Tests Show Few Utah Welfare Applicants Use Drugs

Since Utah's new law requiring drug screening for welfare applicants went into effect last August, the state has spent more than $26,000 looking for drug users among 4,400 applicants. Of those applicants, about 400 were identified after taking a written test as having a "reasonable likelihood" that they were using drugs.
July 12, 2013
 

Since Utah's new law requiring drug screening for welfare applicants went into effect last August, the state has spent more than $26,000 looking for drug users among 4,400 applicants.

Of those applicants, about 400 were identified after taking a written test as having a "reasonable likelihood" that they were using drugs.

Drug tests performed on those 400 people found only nine who tested positive, according to data from the Department of Workforce Services, which administers the benefits and tests.

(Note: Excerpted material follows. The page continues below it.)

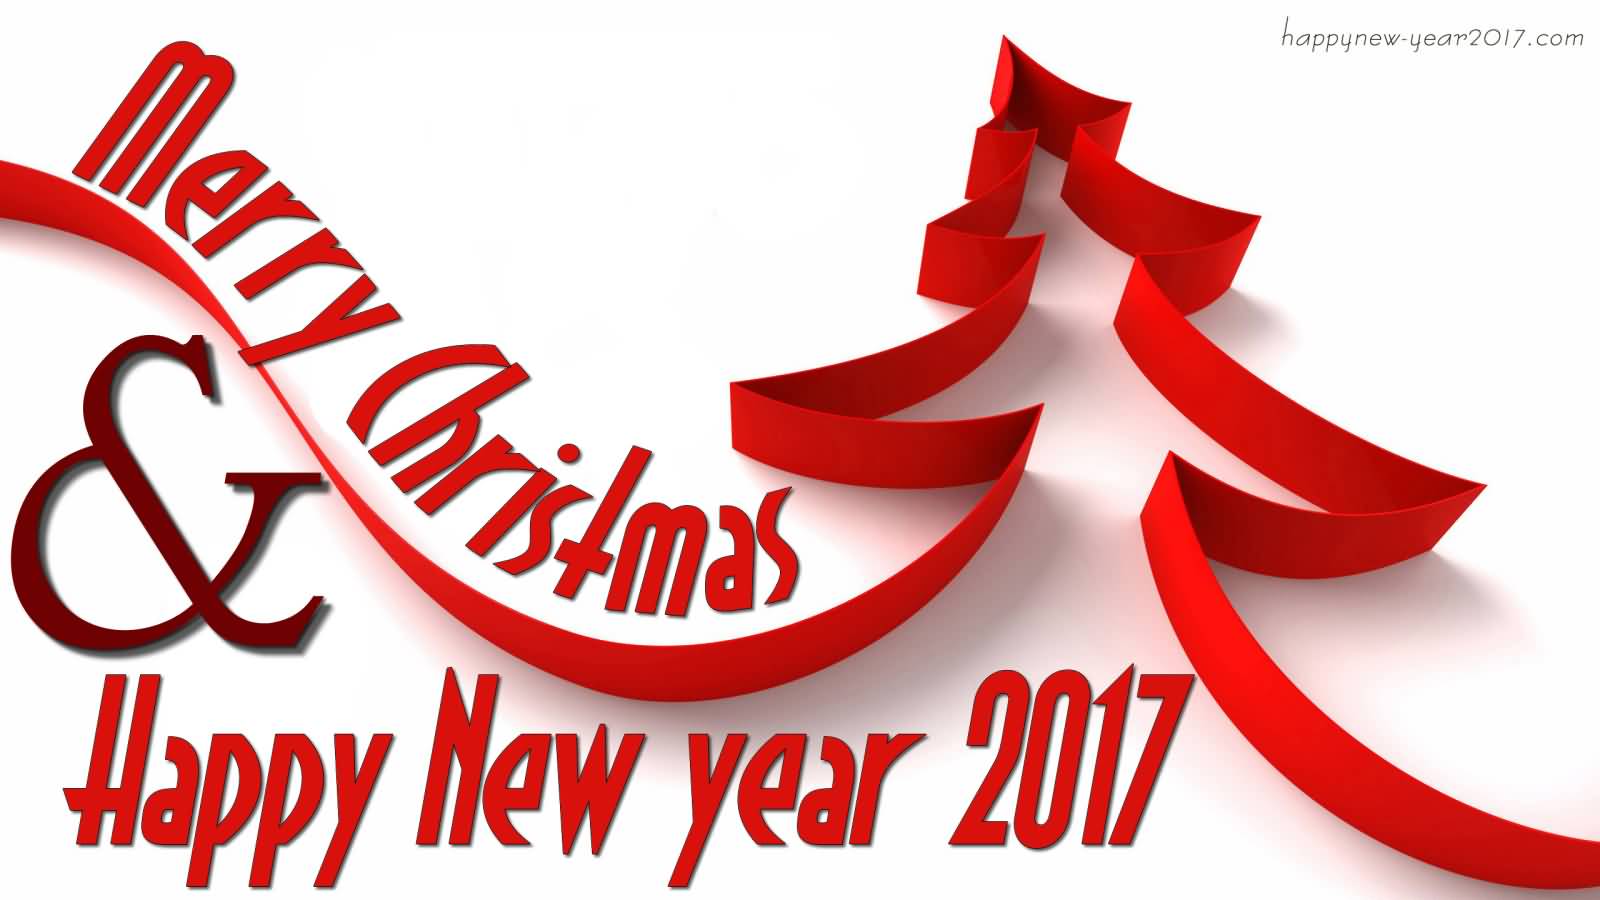 Merry Christmas Happy New Year 2017

The ACLU and a longtime welfare advocate in Utah that opposed the policy say the law unfairly stigmatizes poor people and the money could be better spent elsewhere.

The numbers, which represent data from August 2012 through June 2013, were first reported by The Salt Lake Tribune on Thursday.

Utah is one of at least eight states that have passed legislation requiring testing or screening for public assistance applicants, and similar laws have been proposed in at least 29 states this year, according to the National Conference of State Legislatures.